Shared memory write conflicts Looking for a little help...

I was wondering if anyone could help me solve a problem I’ve encountered in my CUDA code with regards to shared memory write conflicts.

Basic problem is that writes to shared memory aren’t atomic. Because of this, I sometimes get unpredictable values in my “results” array. I added the “new_i” variable so that threads potentially would never write to the same location at the same time. However, this would only be assured to work if all threads were executed 100% in parallel - which I know isn’t the actual case.

I’m thinking I can solve this more understand of warps? I’m fairly new to CUDA programming and haven’t had much experience with the concept.

Here some pseudo-code to explain my issue. It’s being launched with 256 threads per block.

__shared__ float results[256]

// Zero out results[]


for (j=0; j<100; j++)


 // Calculate valid

 if (valid)


    for(i=0; i < 256; i++)


       new_i = (i + threadIdx.x) % 256; 

      // Calculate "value"

      results [new_i] += value;





// Write results to global memory

Any help would be much appreciated. At first glance, the histogram64 SDK example might be useful.

I believe the unexpected results you’re seeing are due to race conditions in your code. As you mentioned, shared memory accesses are not atomic, so it is possible that another thread modified a particular location between reading it and writing of the incremented value (due to dynamic scheduling of warps).

The best thing would be to rewrite the program to where it doesn’t have such critical sections. If that’s not viable, you’ll have to go with one of the solutions used in non-atomic histogram samples.


Are there plans to add atomic writes to shared memory in future compute versions?

We don’t comment on unreleased hardware/software :)
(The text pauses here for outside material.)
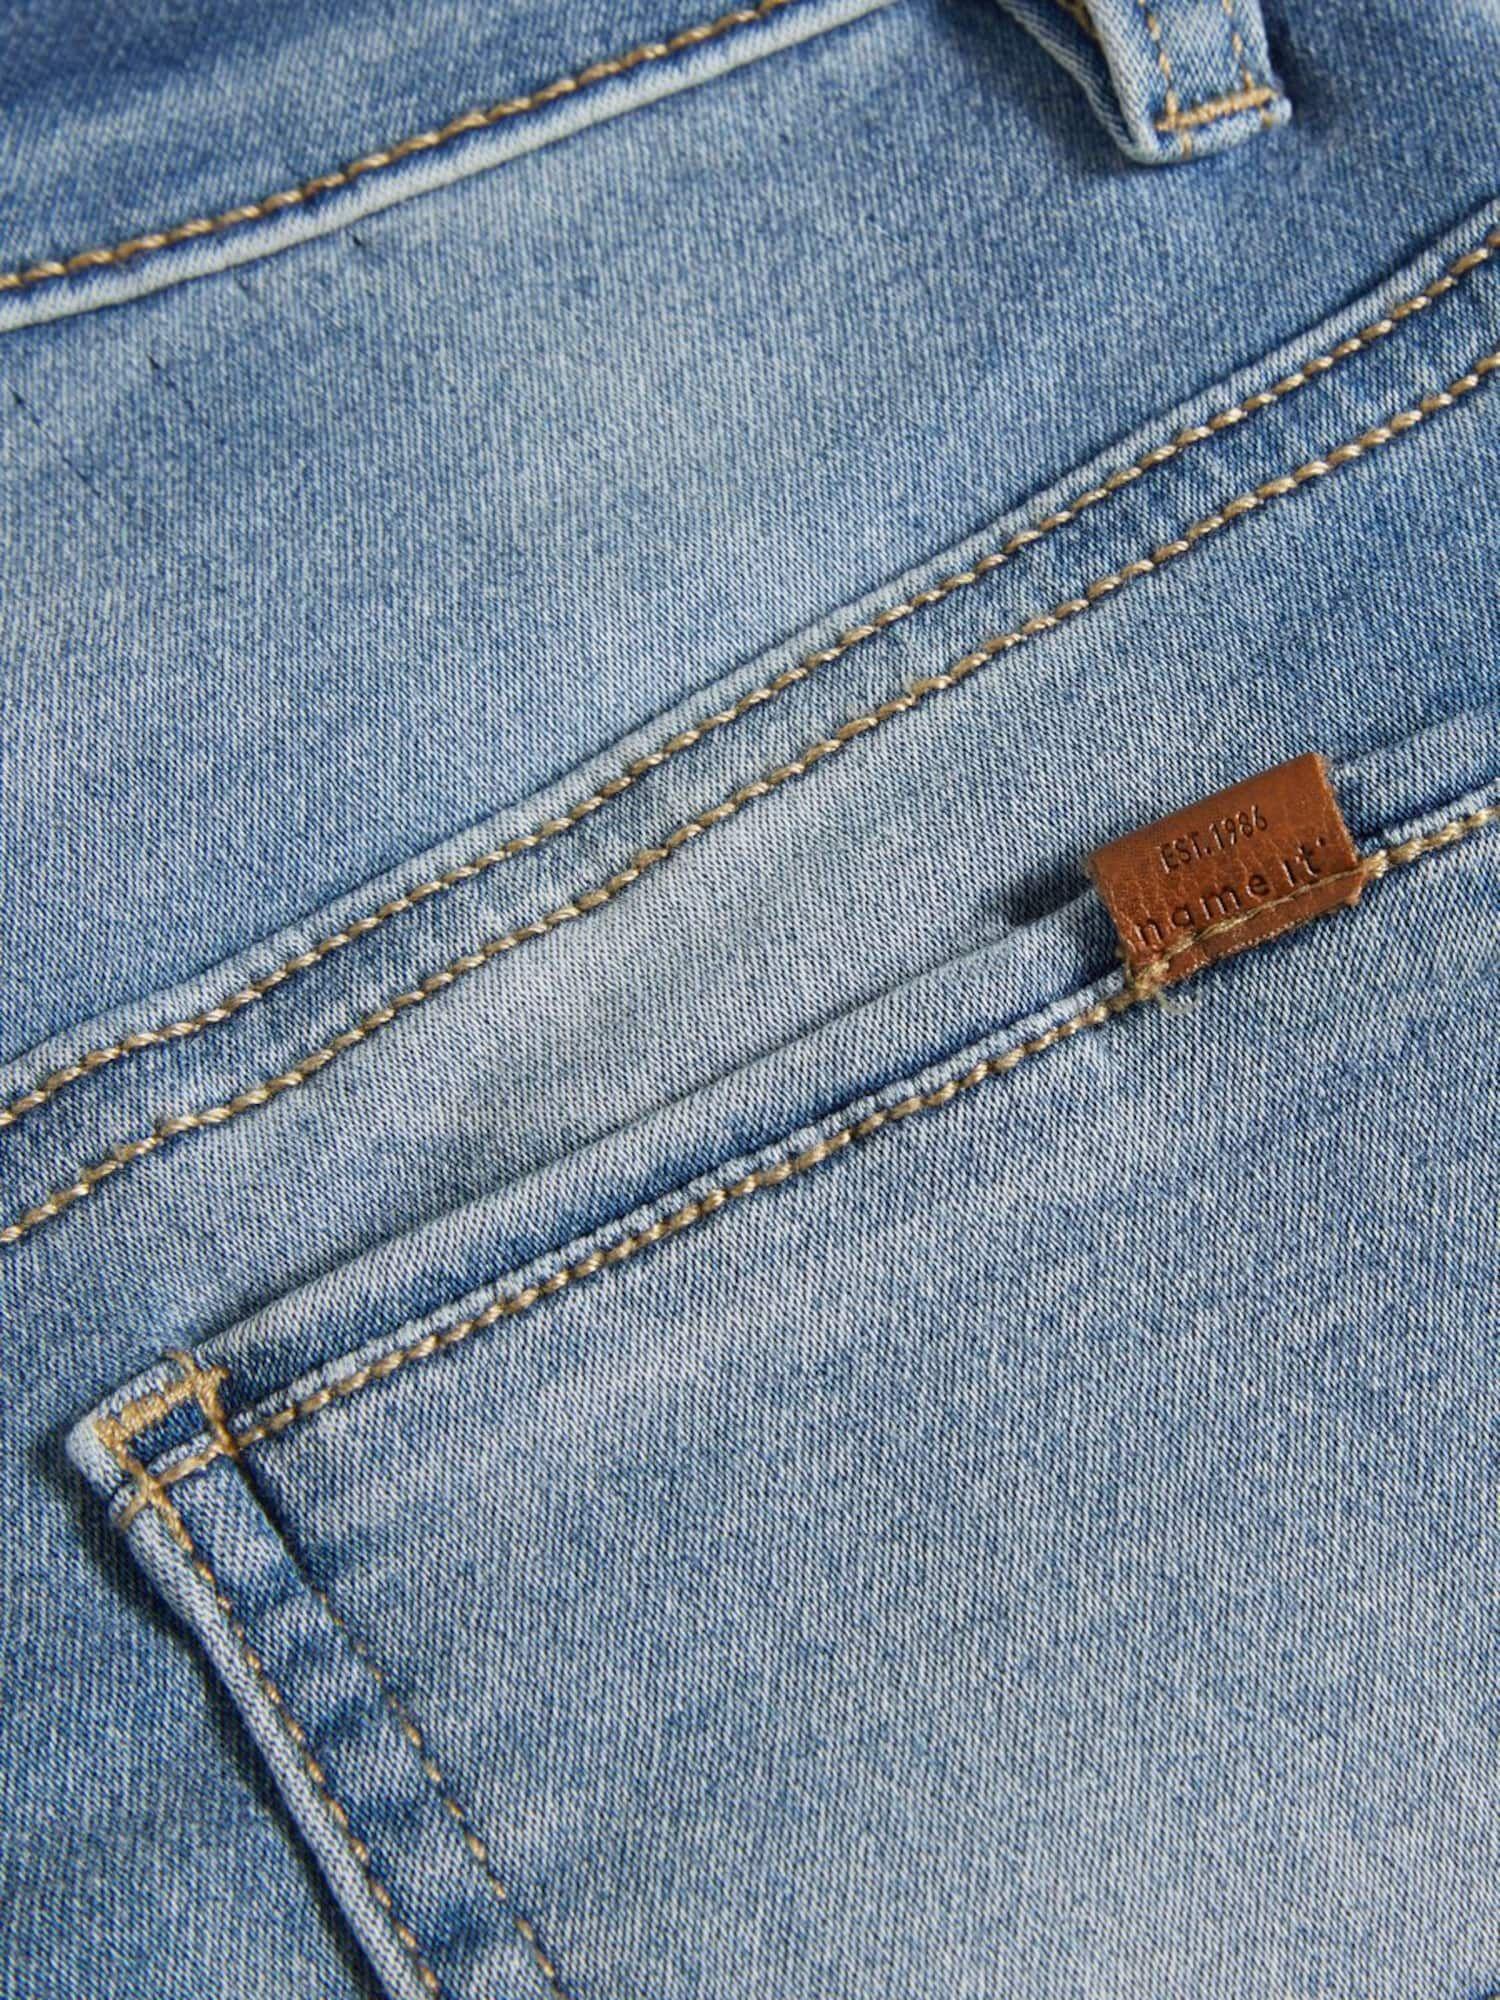 Name It Jeans Nkmtheo Dnmthayer 1166 Swe Jungen Blue Denim Grosse 128 Kinder Jeans Jeans Und Denim Jeans

I guess that is the policy :( , but I have the same issue and hope you can have some atomicAdd for float point.

I read the histogram project. For a BIN_COUNT histogram, it requires BIN_COUNT * THREAD_PER_BLOCK storage. And if you have more than 1 block per multiprocessor (which is recommended to have at least 2), that put more strain to the 16KB share memory. For my problem, my “histogram” is in 3-D and it has to be in the global memory. If my problem is a true histogram, I could use atomicAdd, however, the value increment is floating point. So I need atomicAdd() in floating point.

BTW, I understand that for 8800, and your tesla line, it currently on 1.0 compute capability. I assume that is limited by hardware design and can’t be changed, right?

My application has a 3D “Histogram” also. I’ve got an 8800 GTX, so no atomicAdd for me. Tests showed that the scatter memory access pattern of the atomicAdd “histogram” would kill my overall performance anyways. I tried another version of the program that had each block determine the value of a single “bin” of the histogram, but this has O(N^2) memory reads, so it is painfully slow for large datasets.

In the end, I found it faster to copy data back from the card histogram it on the CPU, then copy the histogram back to the card and continue the rest of the application on the GPU.